The term “cluster” (or any form thereof), used herein refers to the task of grouping a set of objects (or as used herein a set of data-vectors) according to their features and/or characteristics in such a way that objects in the same group (called a cluster) are more similar in nature to each other than to those in other groups (clusters).

The term “context” (or any form thereof), used herein refers to the group of conditions that exist where and when the data was or is collected.

The term “anomaly” (or any form thereof), used herein is to be commonly understood as any of: irregularity, abnormality, difference, divergence and deviation.

According to various embodiments of the presented invention a system and a method are disclosed configured to find clusters in the measurements' data and establish a mapping between the measurement's context subspaces and the data's clusters in order to detect anomalies in the measured data.

Typically, anomaly detection is performed by learning models of normality and detecting deviations of new observations from the learned or trained models. The observed systems often behave differently depending on context like time of day, weather and public holidays. For example, for traffic anomaly detection, the traffic flow parameters may depend on: days of the week, mid-week or weekend days, time of the day, light or dark hours, holidays, special events, weather conditions, road condition, visibility, temperature, locations and measuring scenarios. These context parameters should to be incorporated into the anomaly detecting model in order to avoid false-alerts and to maintain detection sensitivity. It is known in the art that when introducing the additional context variables, the amount of training data and the required memory grow exponentially.

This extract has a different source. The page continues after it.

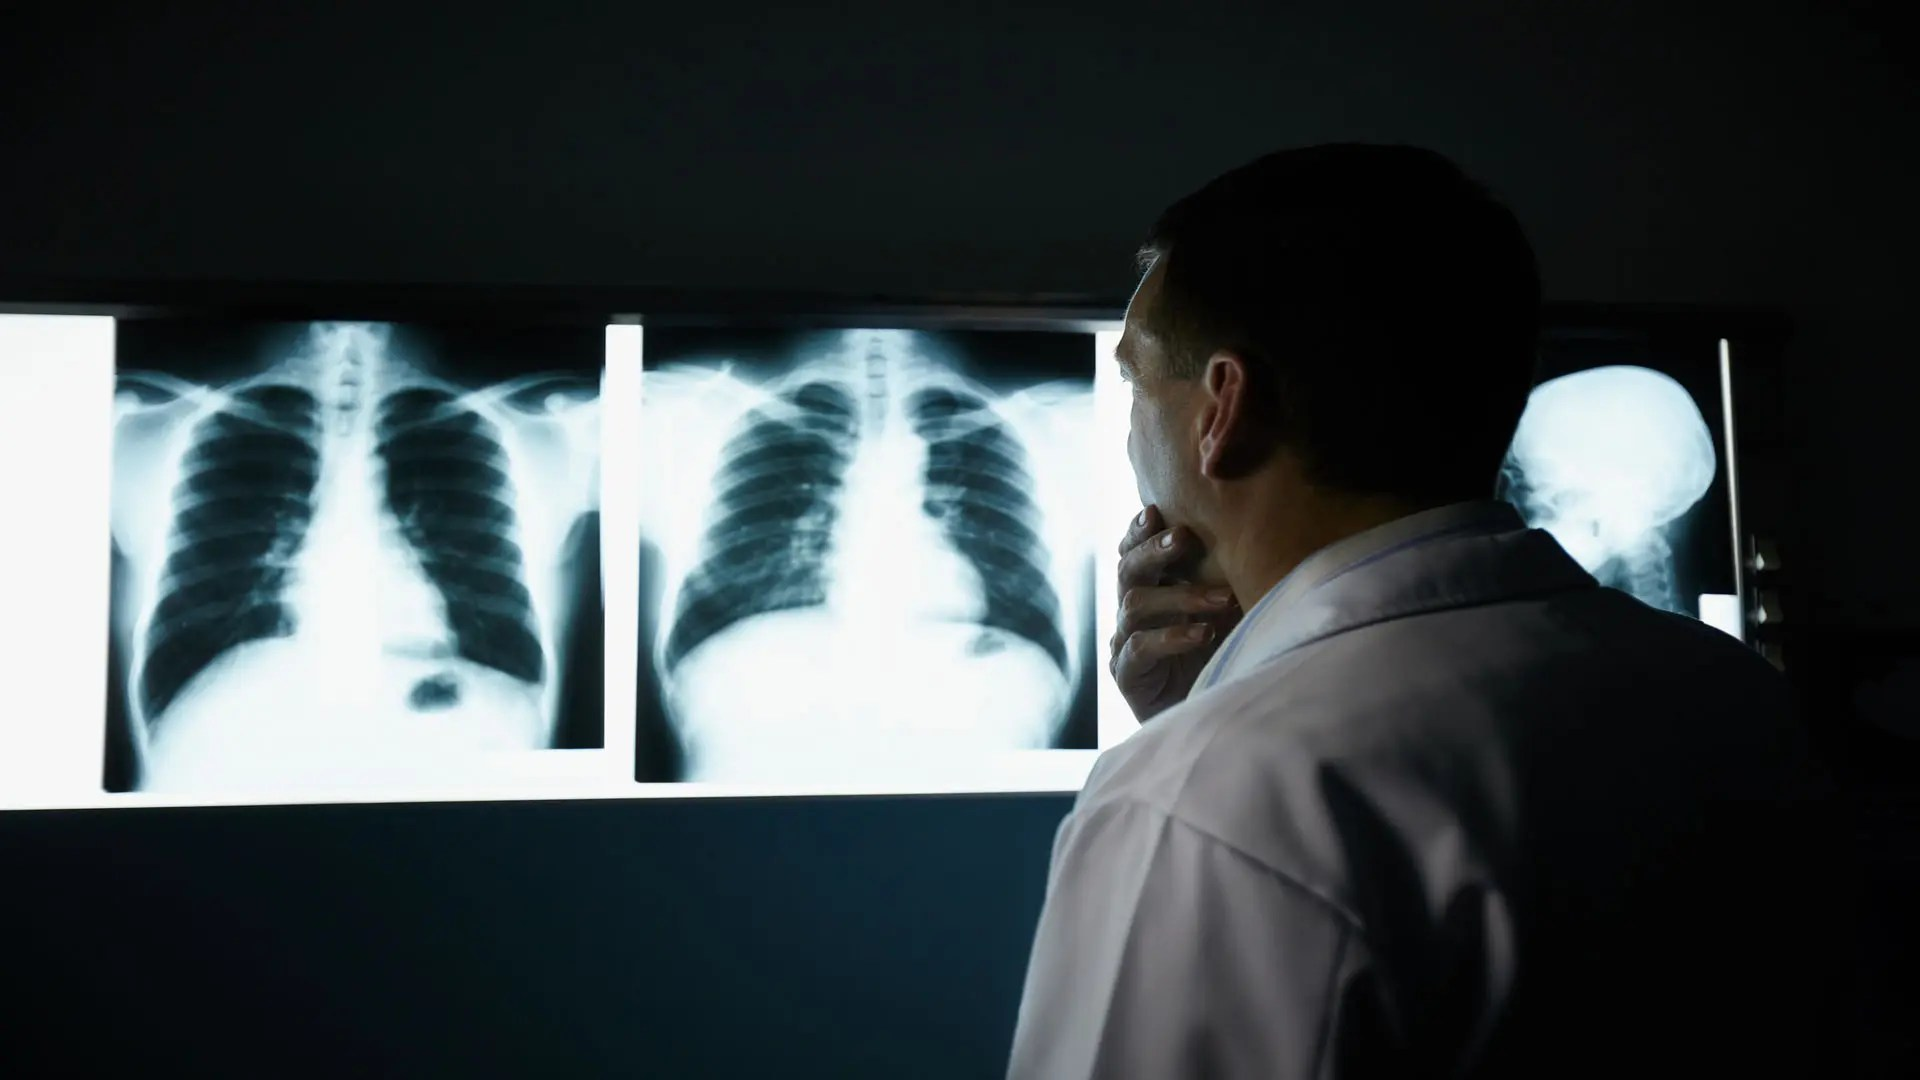 Calprotectina poate diagnostica cancerul

The common way to deal with models for context aware data is to carefully design context partitioning for each anomaly detection use-case, so that the models' count remains reasonable. To do that, knowledge about the observed system needs to be gained through domain expertise or by investigation of a significant volume of annotated measurement data, in order to identify which context parameters need to be considered and at what granularity. For example in vehicle traffic, knowledge must be available that Saturday and Sunday can be treated same for traffic incident detection, however, this particular insight may vary depending on where the sensor is deployed. Different countries have different weekend days (e.g. Friday and Saturday in the Middle East). Another example is the influence of the weather condition, which may depend on the type of ridden road, and therefore for the measurements of some sensors context regarding the weather condition should be incorporated and for some it can be left out. According to embodiments of the present invention, the disclosed system and method incorporate the context information with automatic optimization methods for the context's space without the need for human supervision or annotated training data.

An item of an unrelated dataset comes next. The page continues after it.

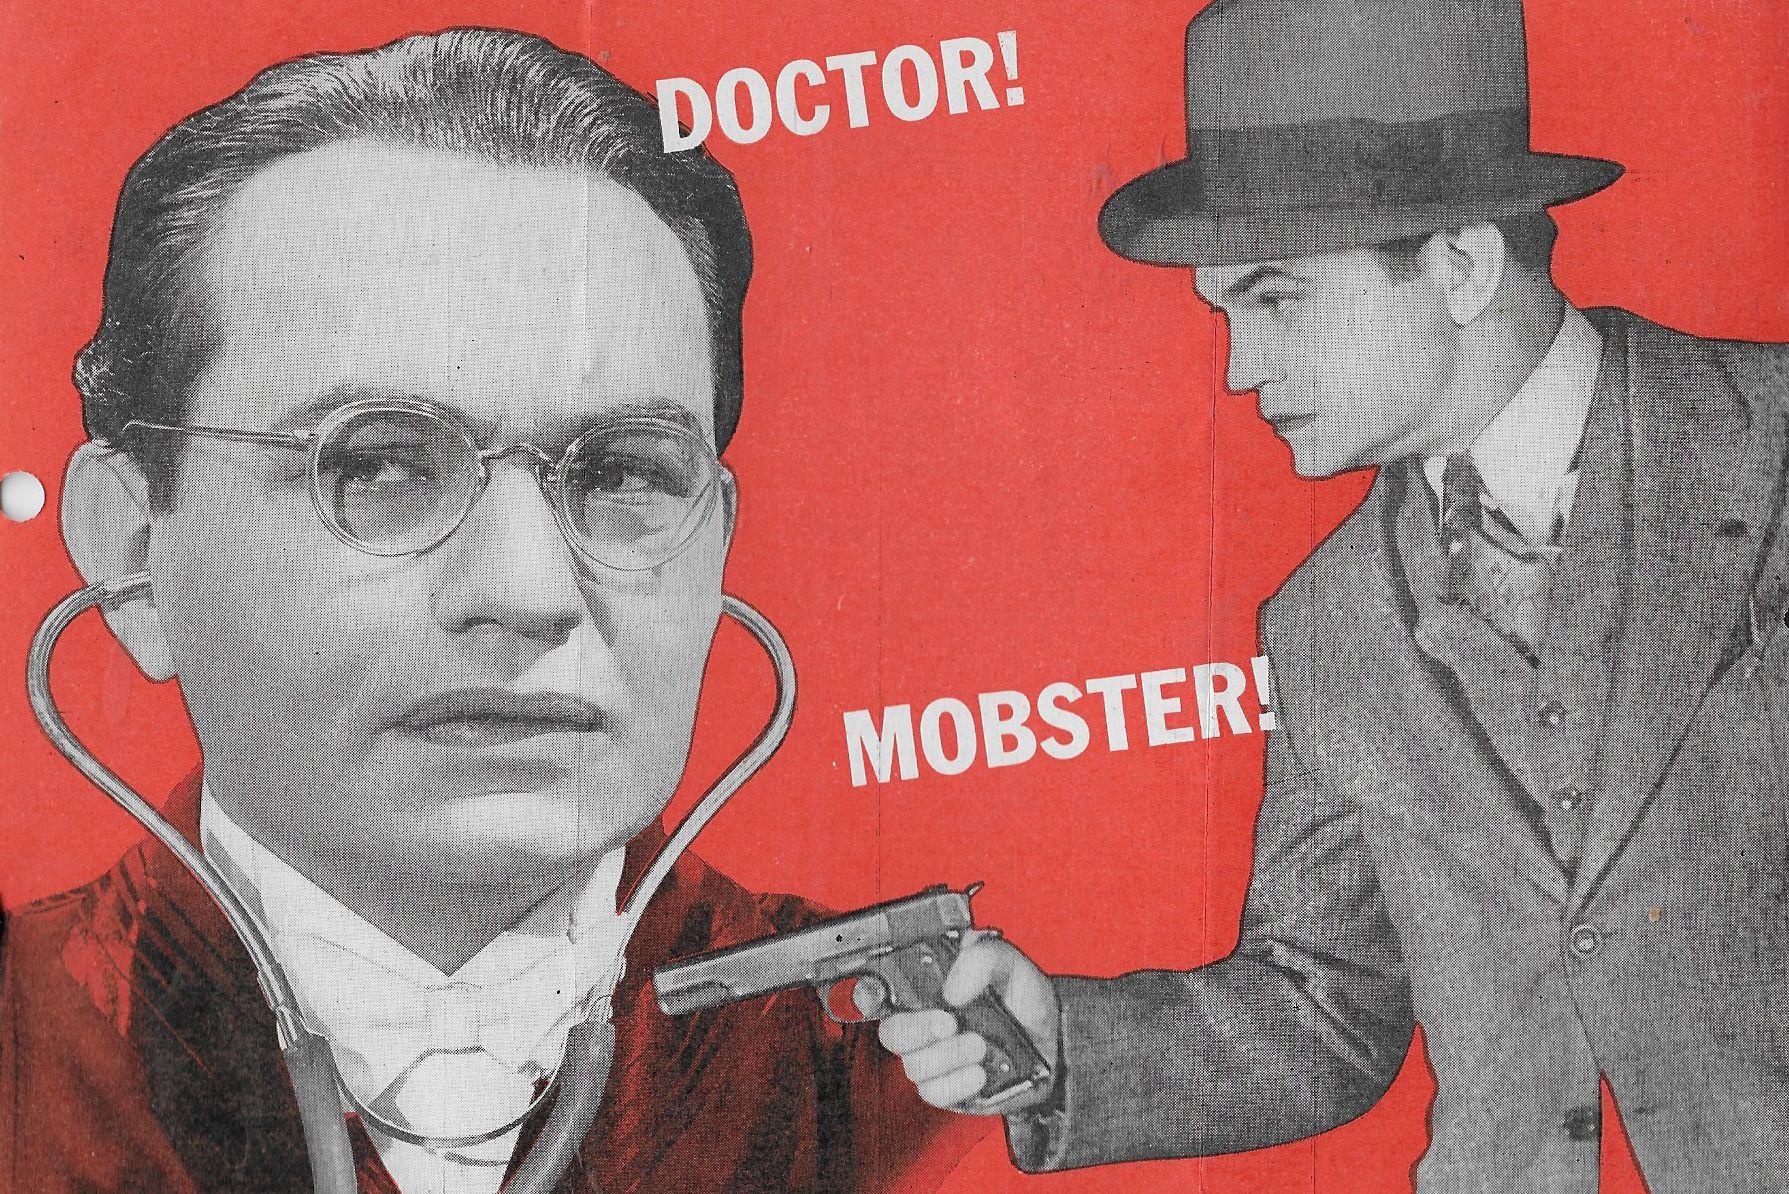 Edward G. Robinson in The Amazing Dr. Clitterhouse (1938)

Common Anomaly Detection Process

Anomaly detection is performed by learning models of normality and detecting deviations of new observations from the learned models. Typically the data space is spanned from the measurements of at least one sensor providing a stream of data. The data is then collected at different- or constant-measurement intervals and stored in a database. The sensor's measurement can be a single value in time, represented by a single variable, or a set of values, represented as a measurement vector. The training data is then extracted from the database, at regular intervals (e.g. once a day), to learn the normality model, using statistical methods like minimum covariance determinant (MCD), regression methods, clustering methods; or classification methods like support vector machines (SVM) or one-class SVM. For real-time anomaly detection, new incoming sensors' measurements are tested against the learned model in order to calculate the magnitude of the deviation of the tested data from the model's mapped clusters.

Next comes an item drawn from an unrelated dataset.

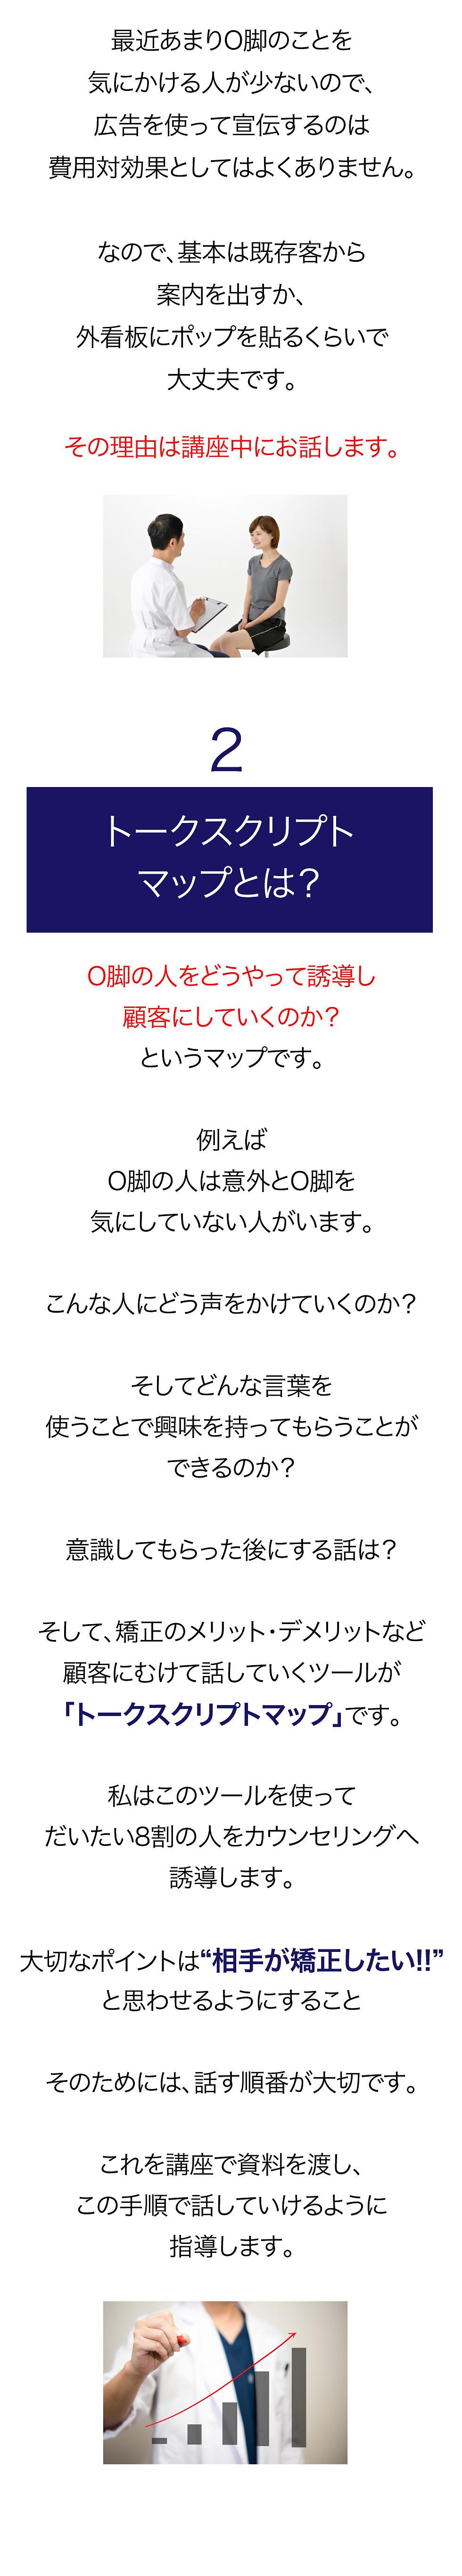 LP_野島式O脚矯正マスター講座_動画購入ページ_200107-06.jpg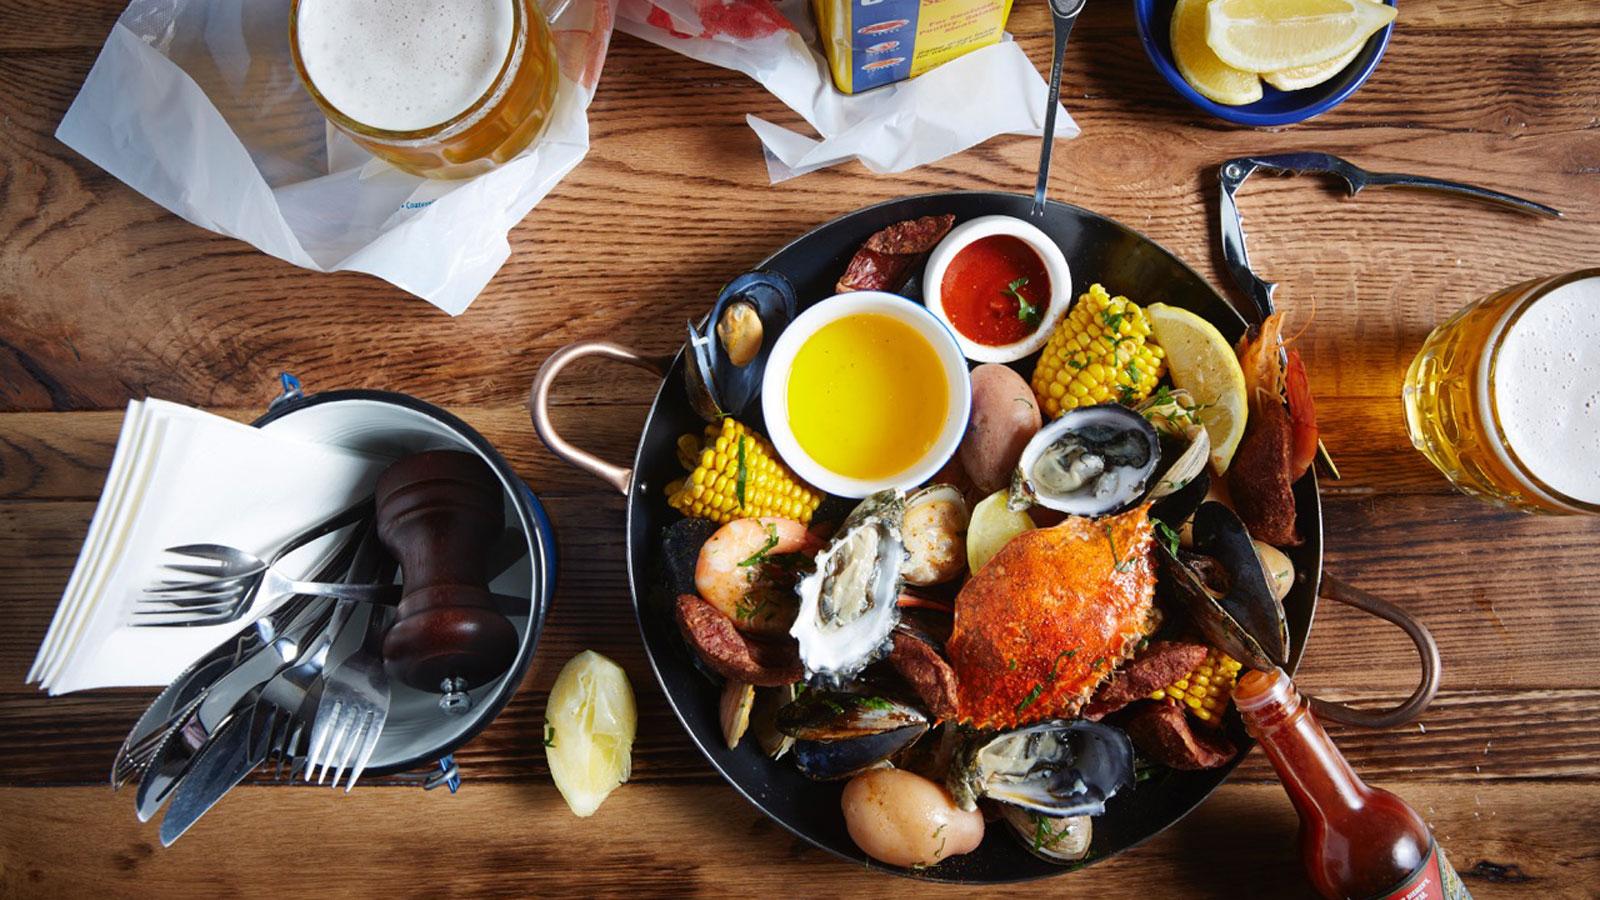 Miss Katie's Crab Shack, Melbourne, Victoria, Australia

According to some embodiments of the present invention, the magnitude of the deviation is further manipulated to define an anomaly Index. The anomaly index and the actual deviation from the normal distribution are further used to decide if an anomaly event is raised. The anomaly event is then presented to the user or used for triggering automatic actions. For example, if a traffic accident is detected, triggering an alert to the relevant authorities and redirecting the traffic.

The measurement data usually contains measuring noise. The observed system can be better described via selected features that are extracted from the measurement vector. According to some embodiments of the present invention, a step of feature extraction is used to remove noise and extract relevant features.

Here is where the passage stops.